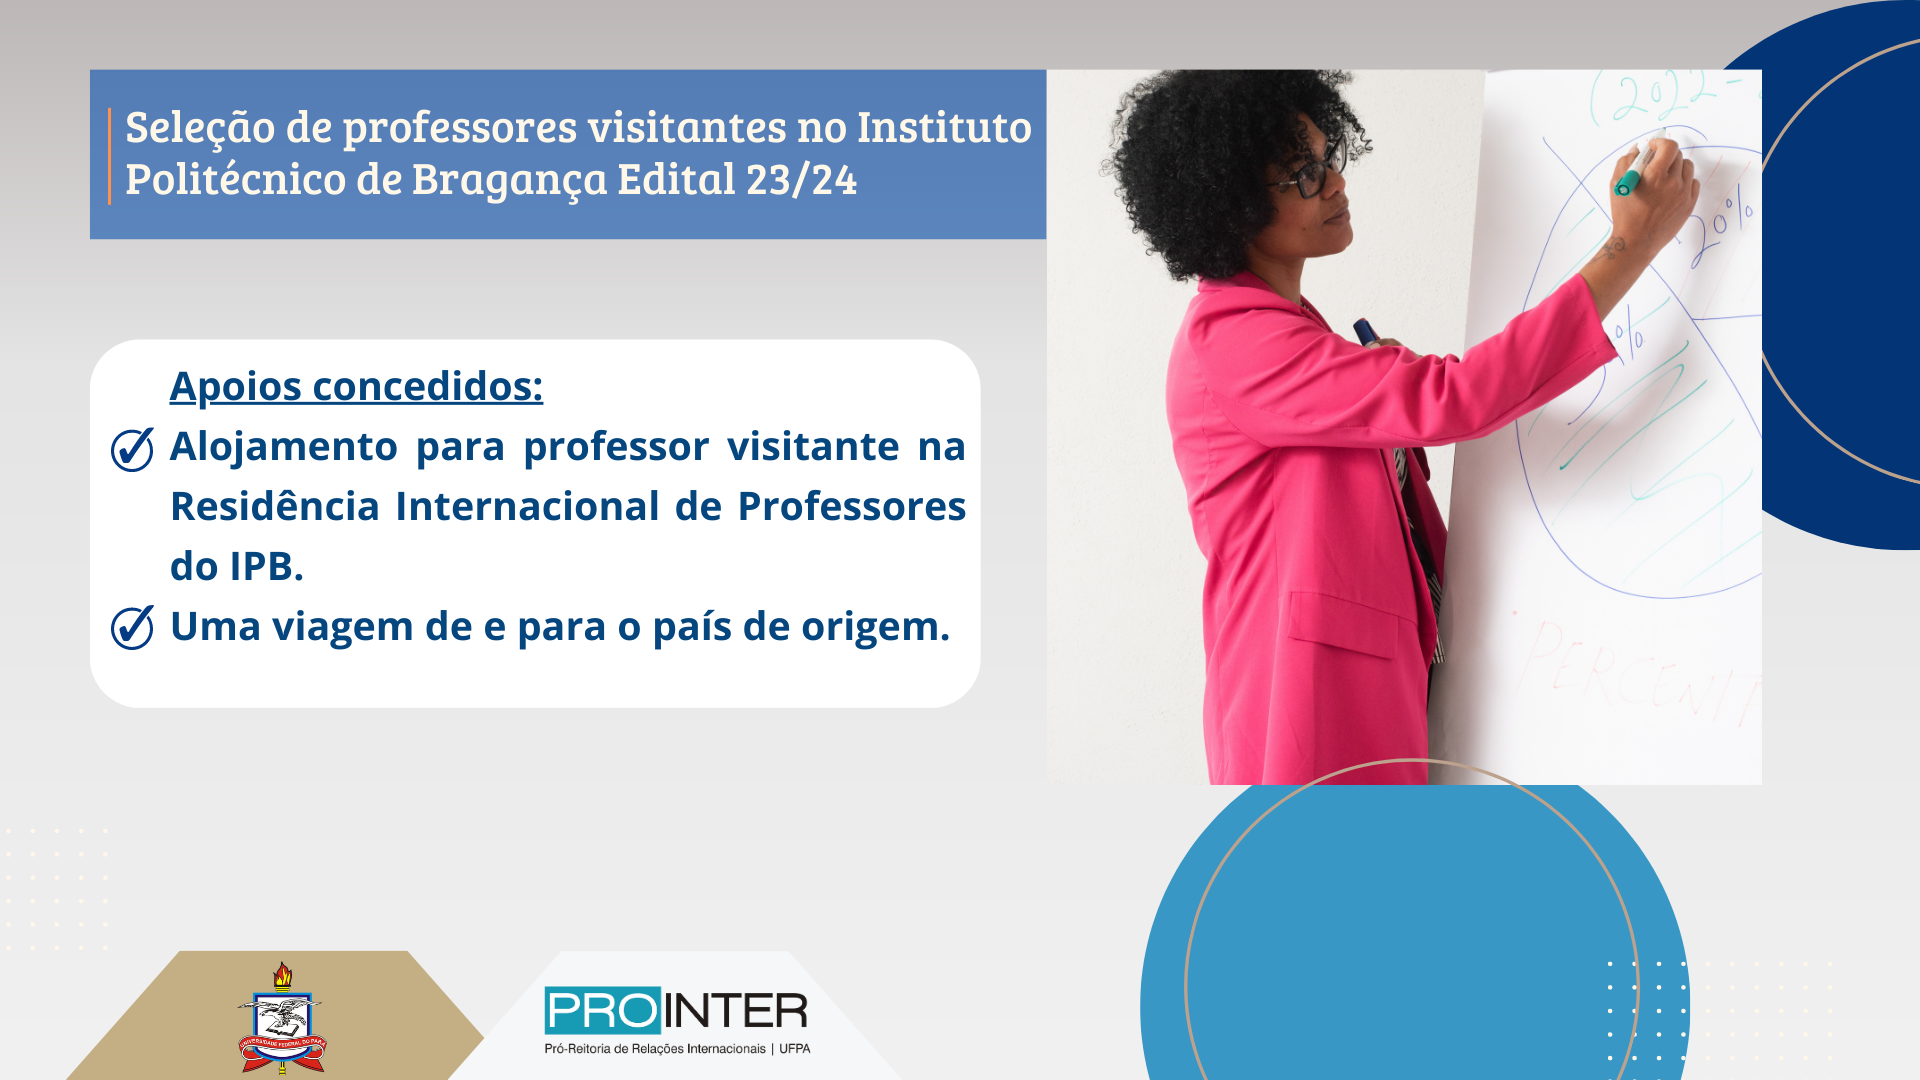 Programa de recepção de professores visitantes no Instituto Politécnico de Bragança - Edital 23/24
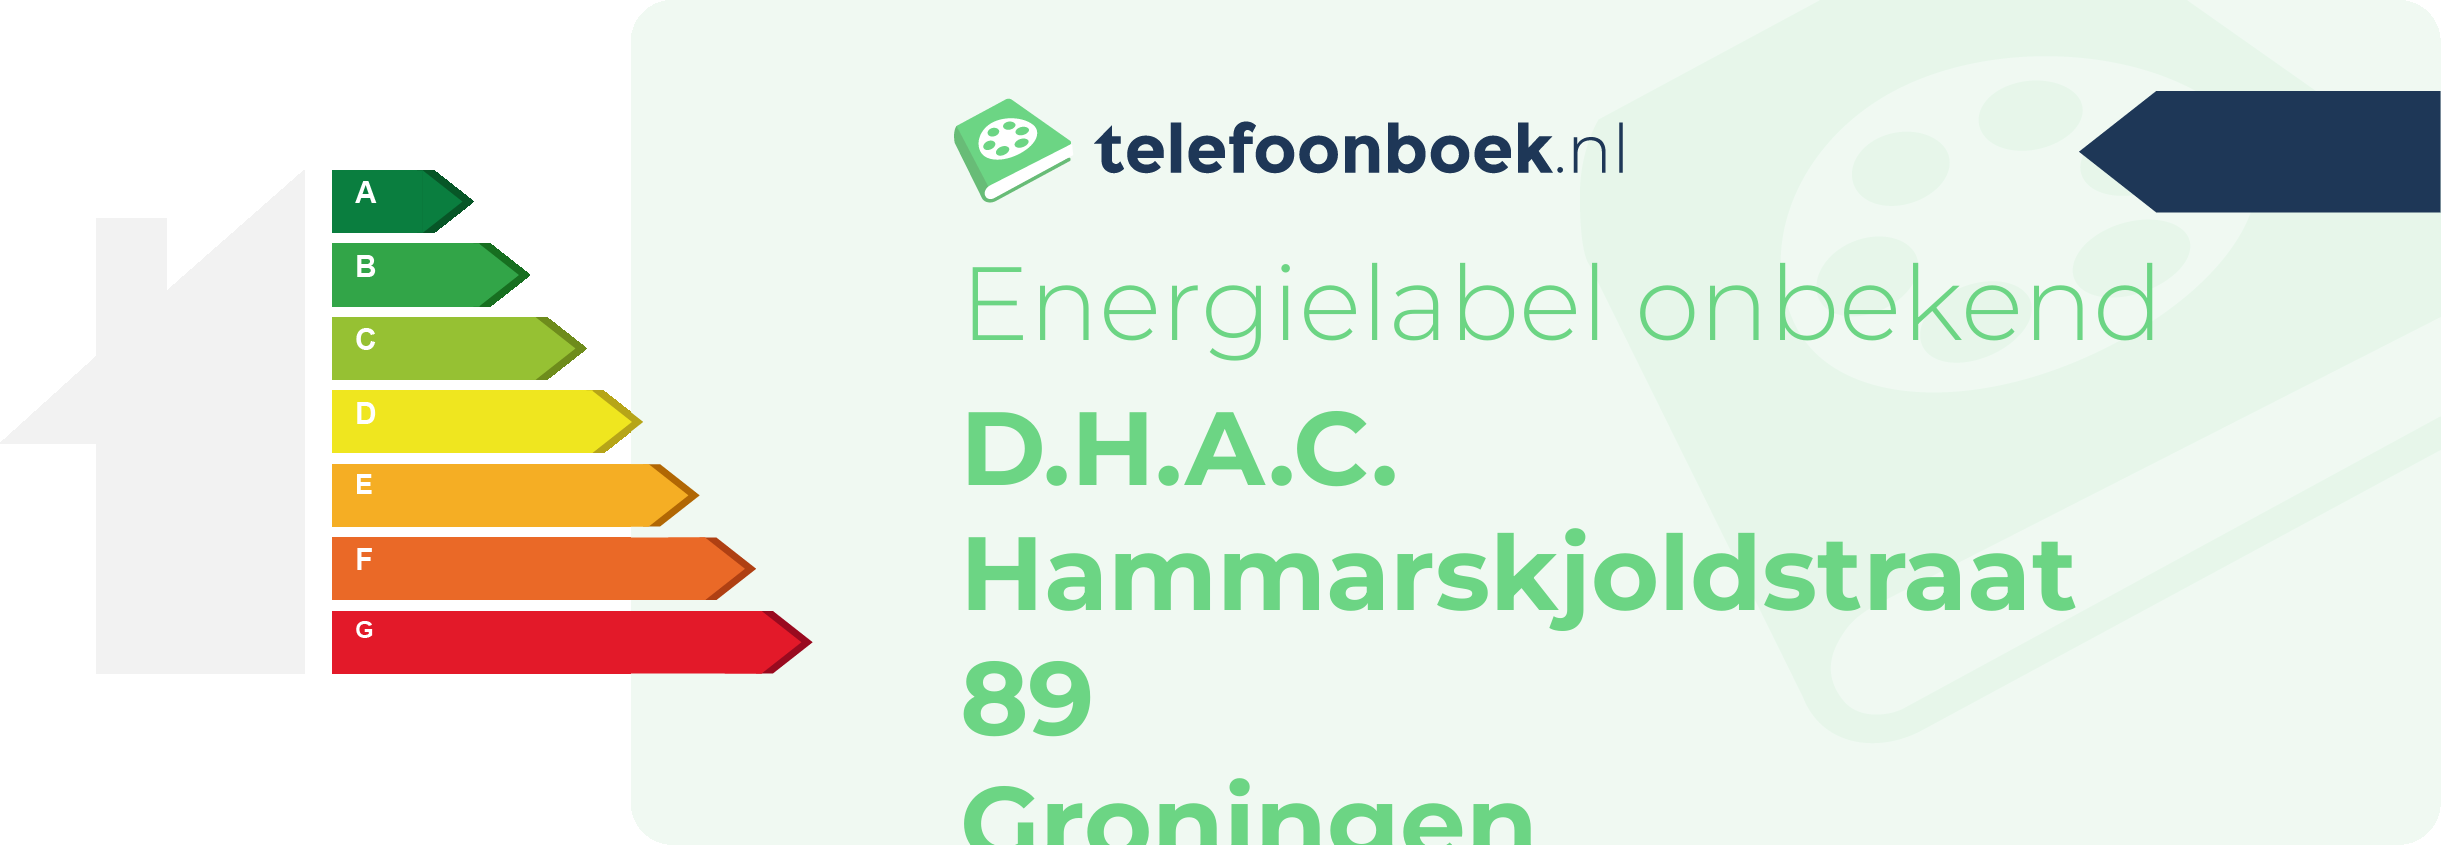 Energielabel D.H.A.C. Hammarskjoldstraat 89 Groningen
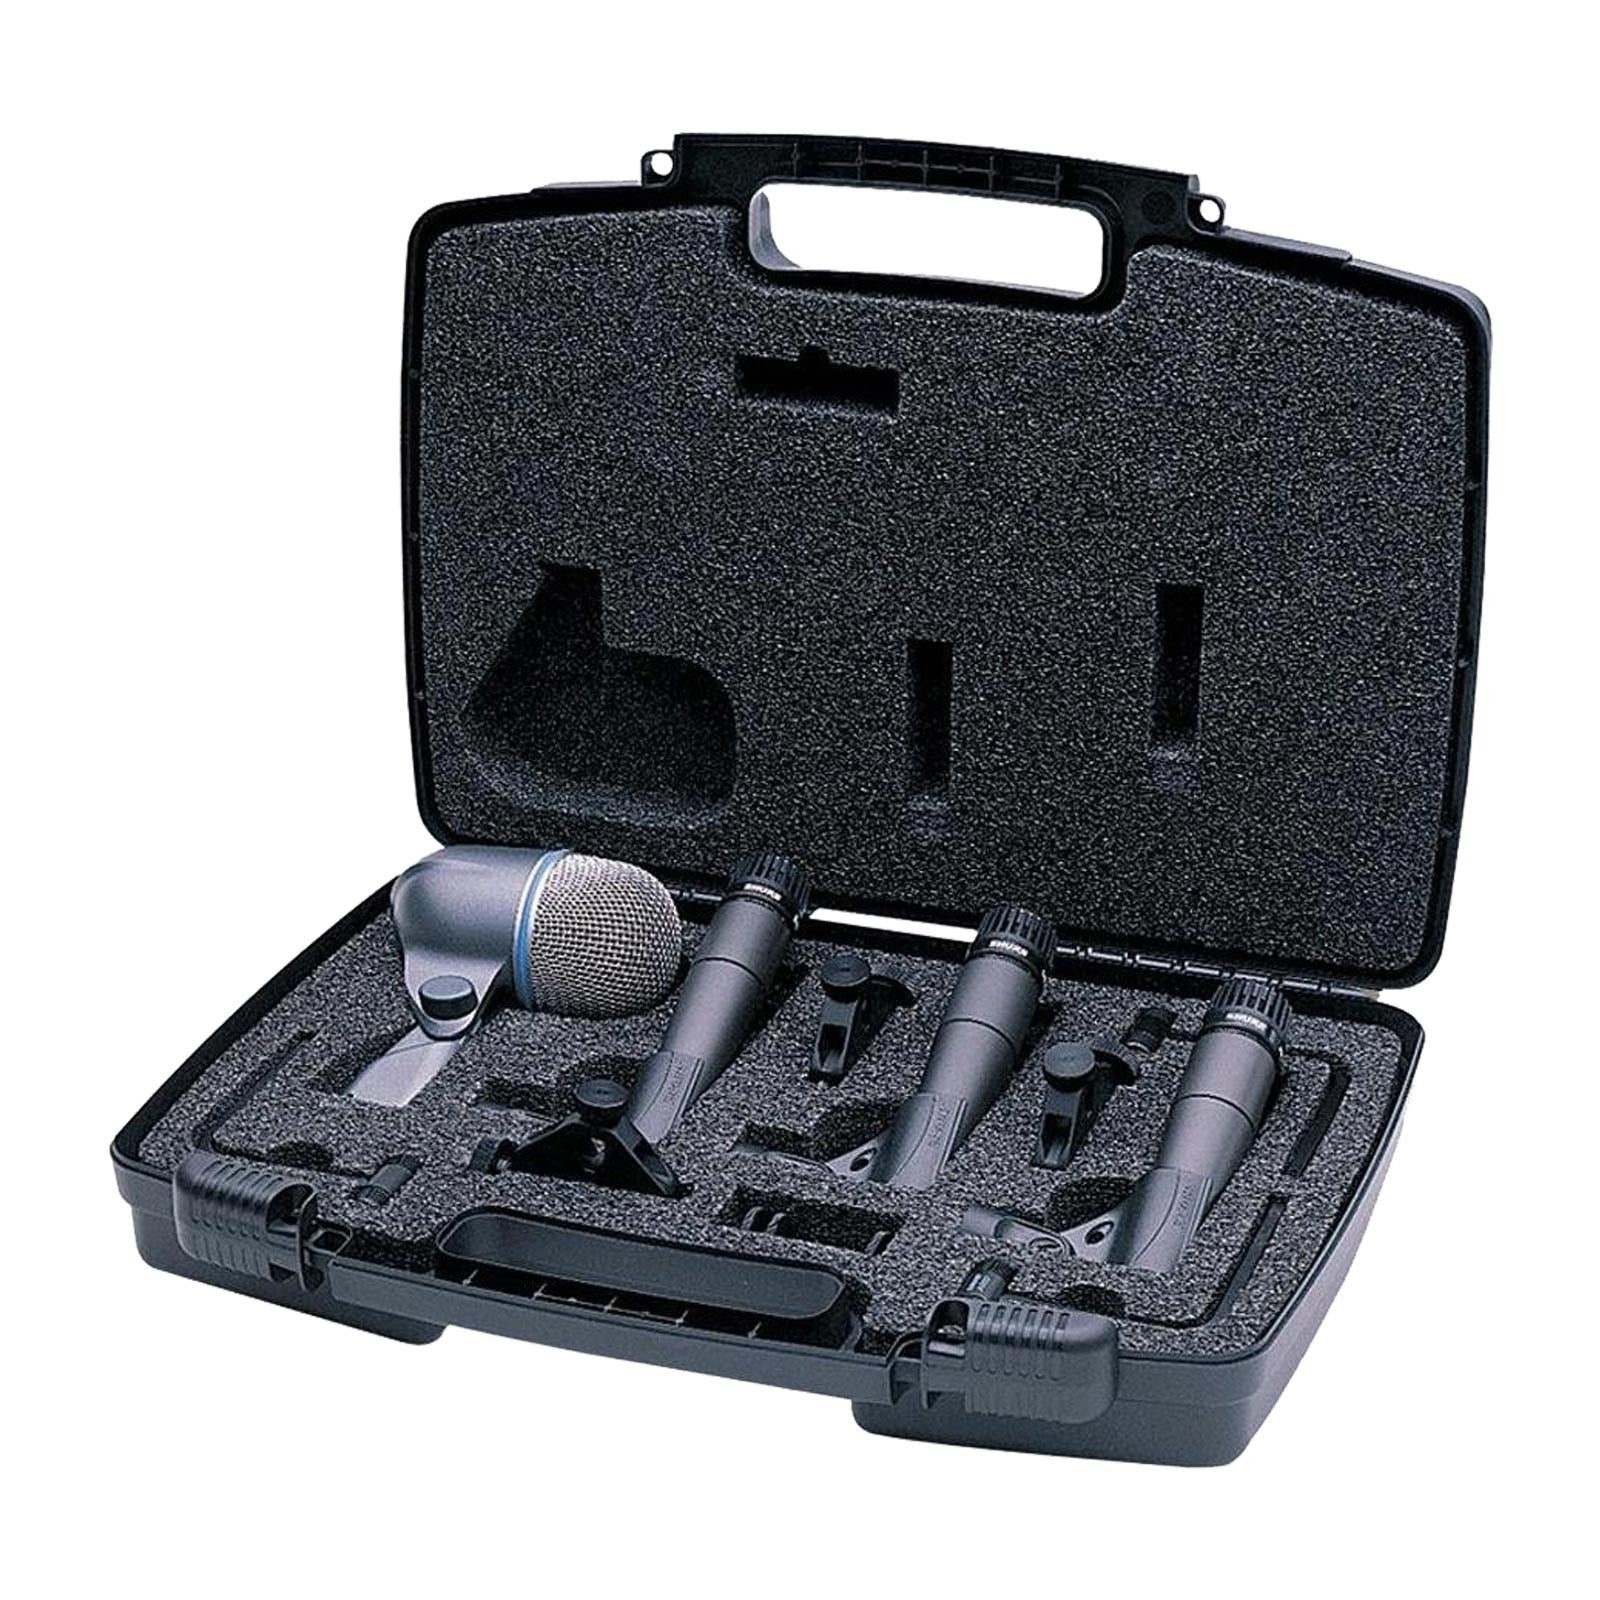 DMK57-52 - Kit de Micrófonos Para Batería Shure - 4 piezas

• • • • • • •

Without including any images, output the data exactly as given.

_Written response_:
 Programa de recepção de professores visitantes no Instituto Politécnico de Bragança - Edital 23/24
 Energielabel D.H.A.C. Hammarskjoldstraat 89 Groningen
 DMK57-52 - Kit de Micrófonos Para Batería Shure - 4 piezas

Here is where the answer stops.